Whassist
ReviewAudited by ClawScan on May 13, 2026.
Overview
Whassist appears to be a coherent Whassist/WhatsApp integration, but it handles sensitive WhatsApp data, stores a Whassist API key, and can send messages after confirmation.
This looks purpose-aligned and not malicious based on the provided artifacts. Before installing, make sure you trust Whassist with your WhatsApp conversation data, protect the stored API key in OpenClaw config, and only confirm message sends after checking the exact recipient and text.
Publisher note
Whassist plugin registers OpenClaw tools. It calls https://app.wh-assist.com/api/v1 to exchange a user-provided one-time connect code, stores the returned API key in OpenClaw plugin config without printing it, and reads/searches/summarizes WhatsApp conversation data through the user's Whassist API key. Message sending requires explicit user confirmation.
Findings (5)
Artifact-based informational review of SKILL.md, metadata, install specs, static scan signals, and capability signals. ClawScan does not execute the skill or run runtime probes.
Anyone who can access the OpenClaw plugin config may be able to obtain or abuse the Whassist credential, depending on local protections.
The skill persists a Whassist API key in OpenClaw configuration. This is disclosed and purpose-aligned, but it is sensitive delegated account access.
this plugin stores the exchanged credential in OpenClaw plugin config marked as sensitive. Move this to a first-class OpenClaw SecretRef-backed storage path...
Protect the OpenClaw config file, revoke Whassist OpenClaw keys if the machine or gateway is compromised, and prefer stronger secret storage when available.
WhatsApp-related questions, context, and returned conversation data may be processed by Whassist outside the local OpenClaw session.
The plugin sends user prompts and optional conversation history to the Whassist provider API. This is expected for the service, but it is a sensitive provider data flow.
callWhassist(config, '/agent/message', { method: 'POST', body: JSON.stringify({ message: params.message, ...(params.history ? { history: params.history } : {}) }) })Install only if you trust Whassist with the relevant WhatsApp conversation data and understand its privacy/account controls.

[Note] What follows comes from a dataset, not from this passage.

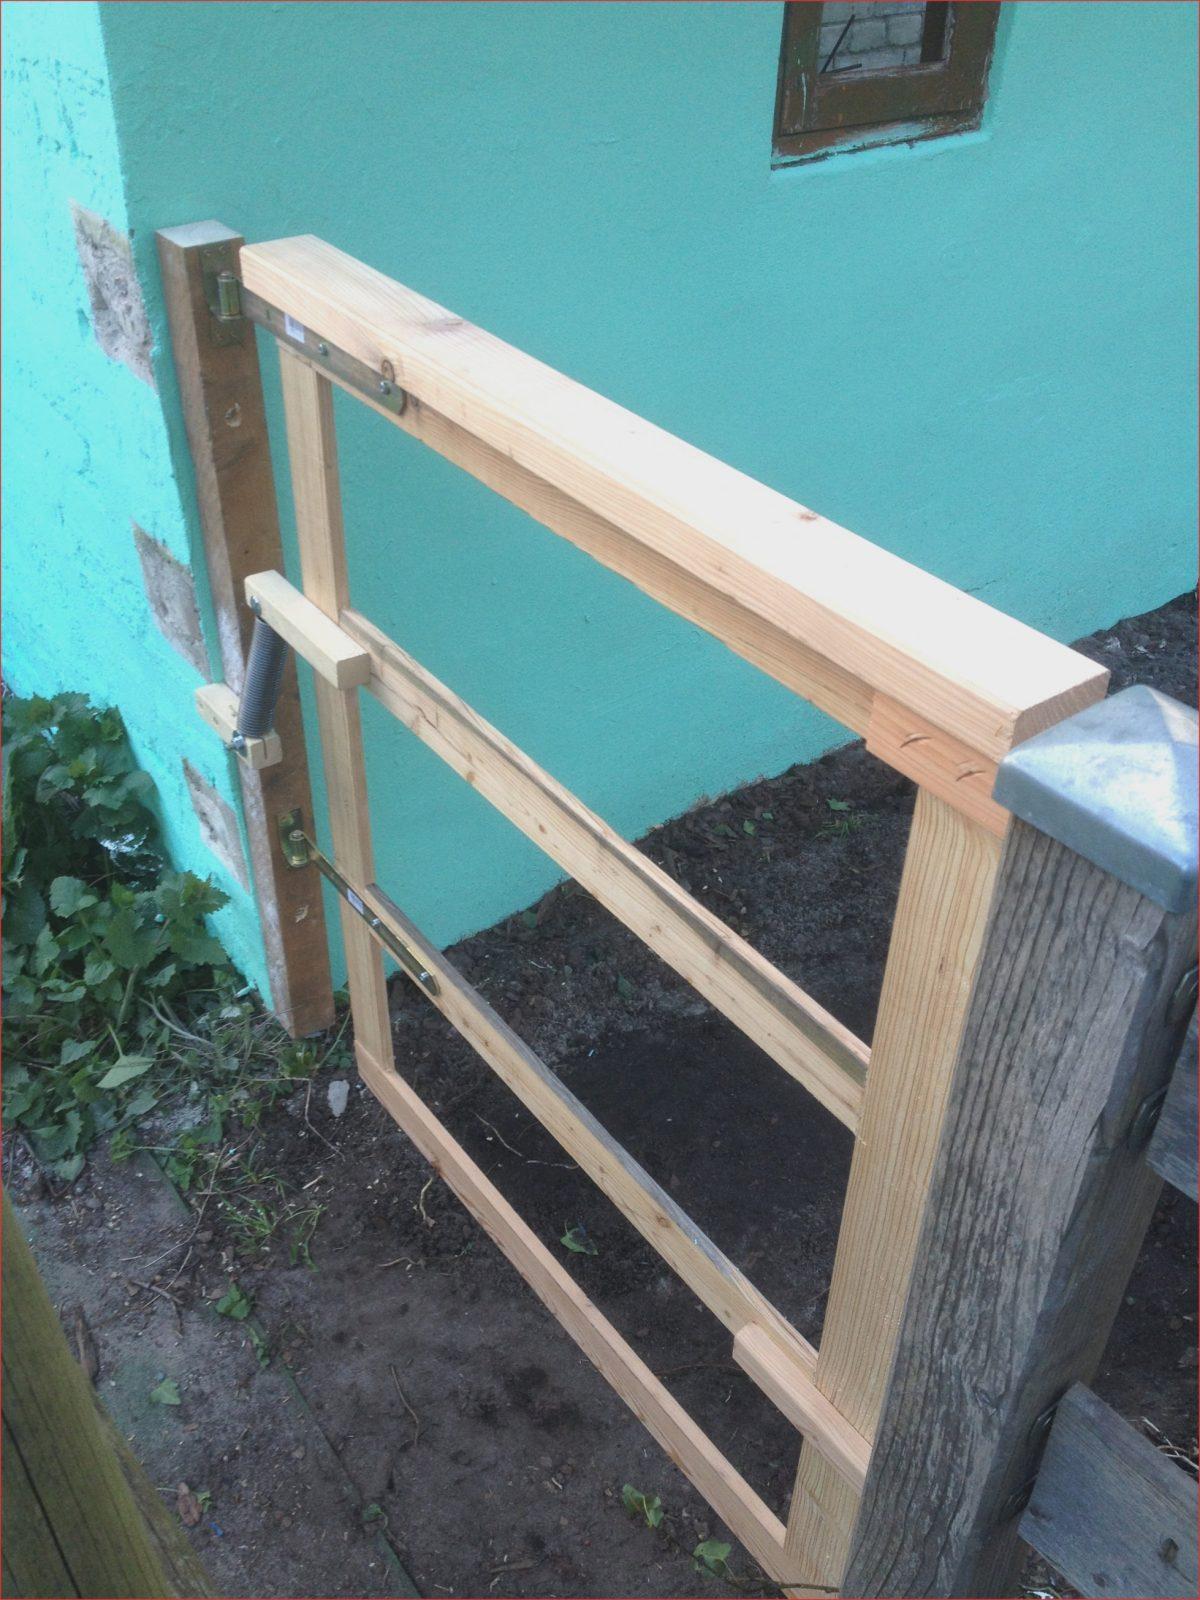 Gartentor Holz Selber Bauen Bauanleitung – Bvrao A72R Planen Für von Gartentor Selber Bauen Anleitung Bild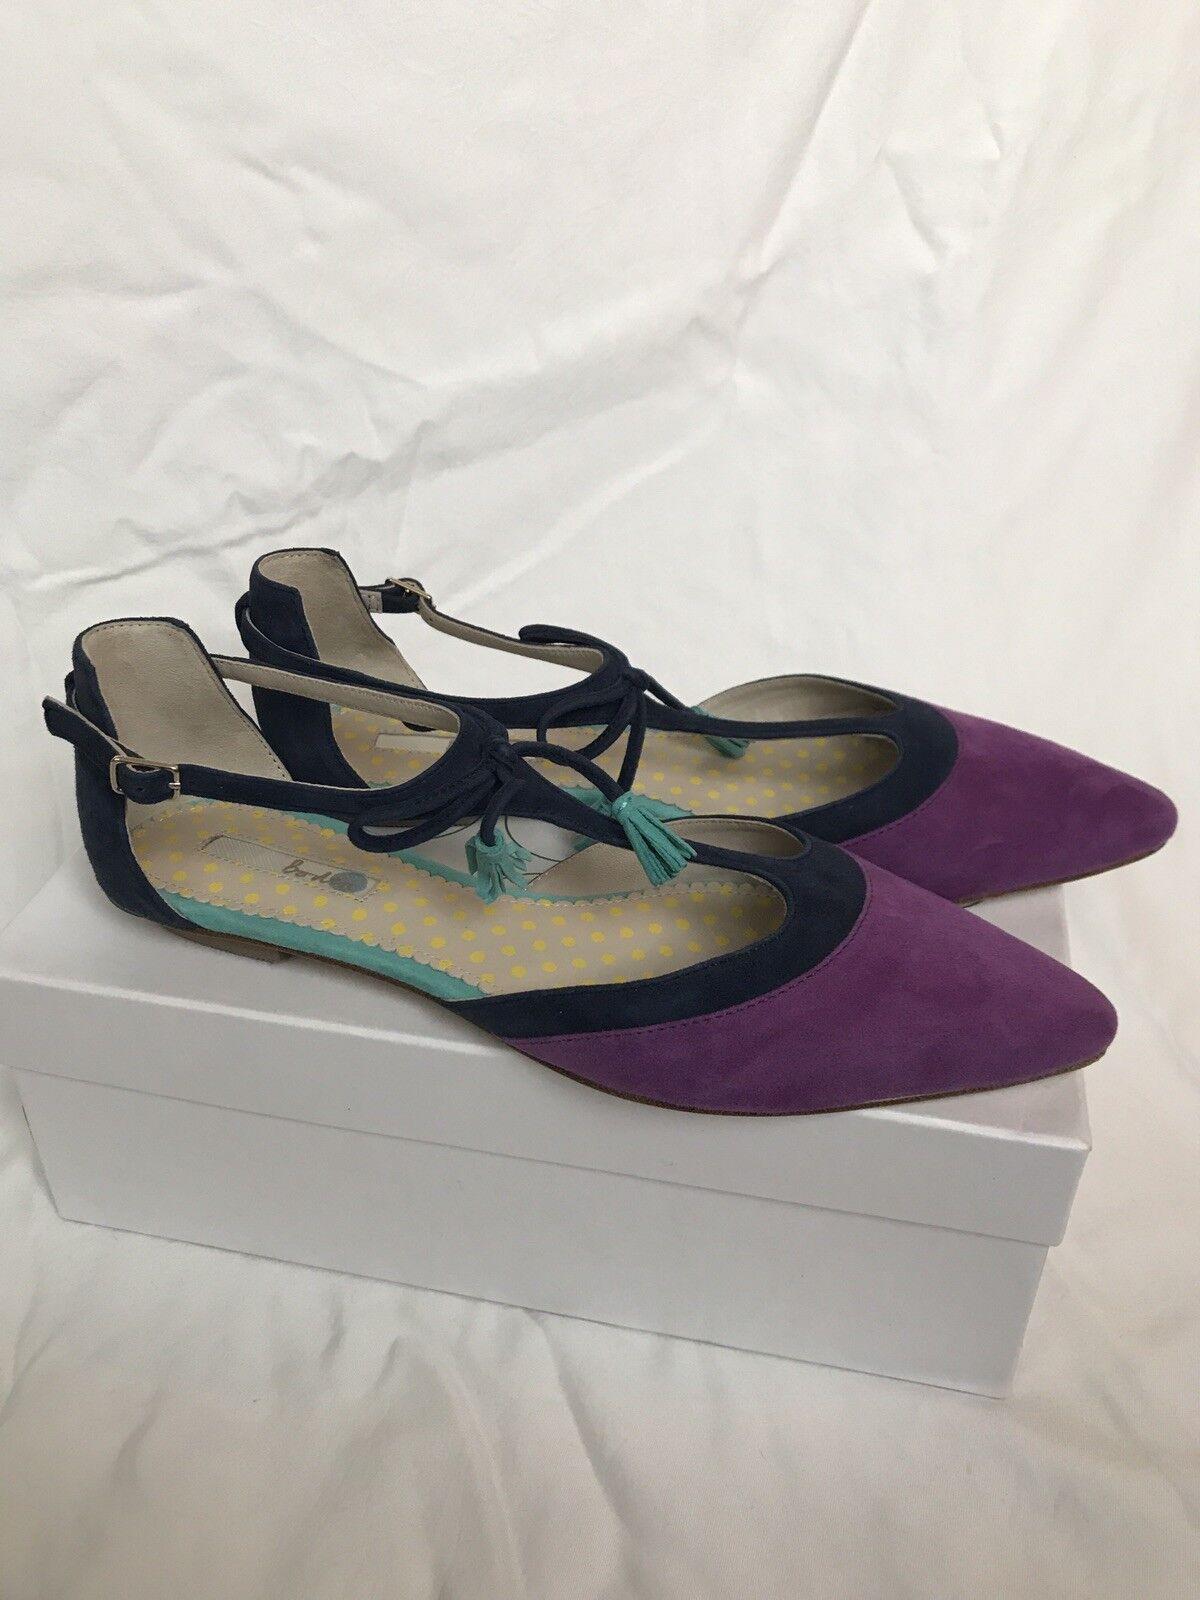 Boden T -bar Sandal Sandal Sandal  billigt online

A message from someone else could contain misleading instructions or content that the agent might over-trust if not handled carefully.
WhatsApp messages and summaries can be retrieved into the agent's context. Contact-authored message text should be treated as data, not as instructions to the agent.
Use `whassist_ask_agent` by default... combining information across chats... Use direct tools only when the user needs exact raw data
Treat retrieved WhatsApp content as untrusted evidence and confirm important actions with the user before acting on it.
If the user or agent confirms the wrong target or text, an unintended WhatsApp message could be sent.
The tool can send WhatsApp messages through Whassist, but the code includes a confirmation gate and the skill instructions require exact target and message review first.
if (params.confirmed !== true) { return textResult('Confirmation required before sending...'); } ... method: 'POST', body: JSON.stringify({ text: params.text })Before confirming, verify the exact chat/contact/group and the exact message text; avoid blanket or ambiguous confirmations.
The plugin code runs inside the OpenClaw environment after installation.
Installing the package registers executable plugin code and uses an npm dependency. This is normal for an OpenClaw plugin, but it is still a package trust boundary.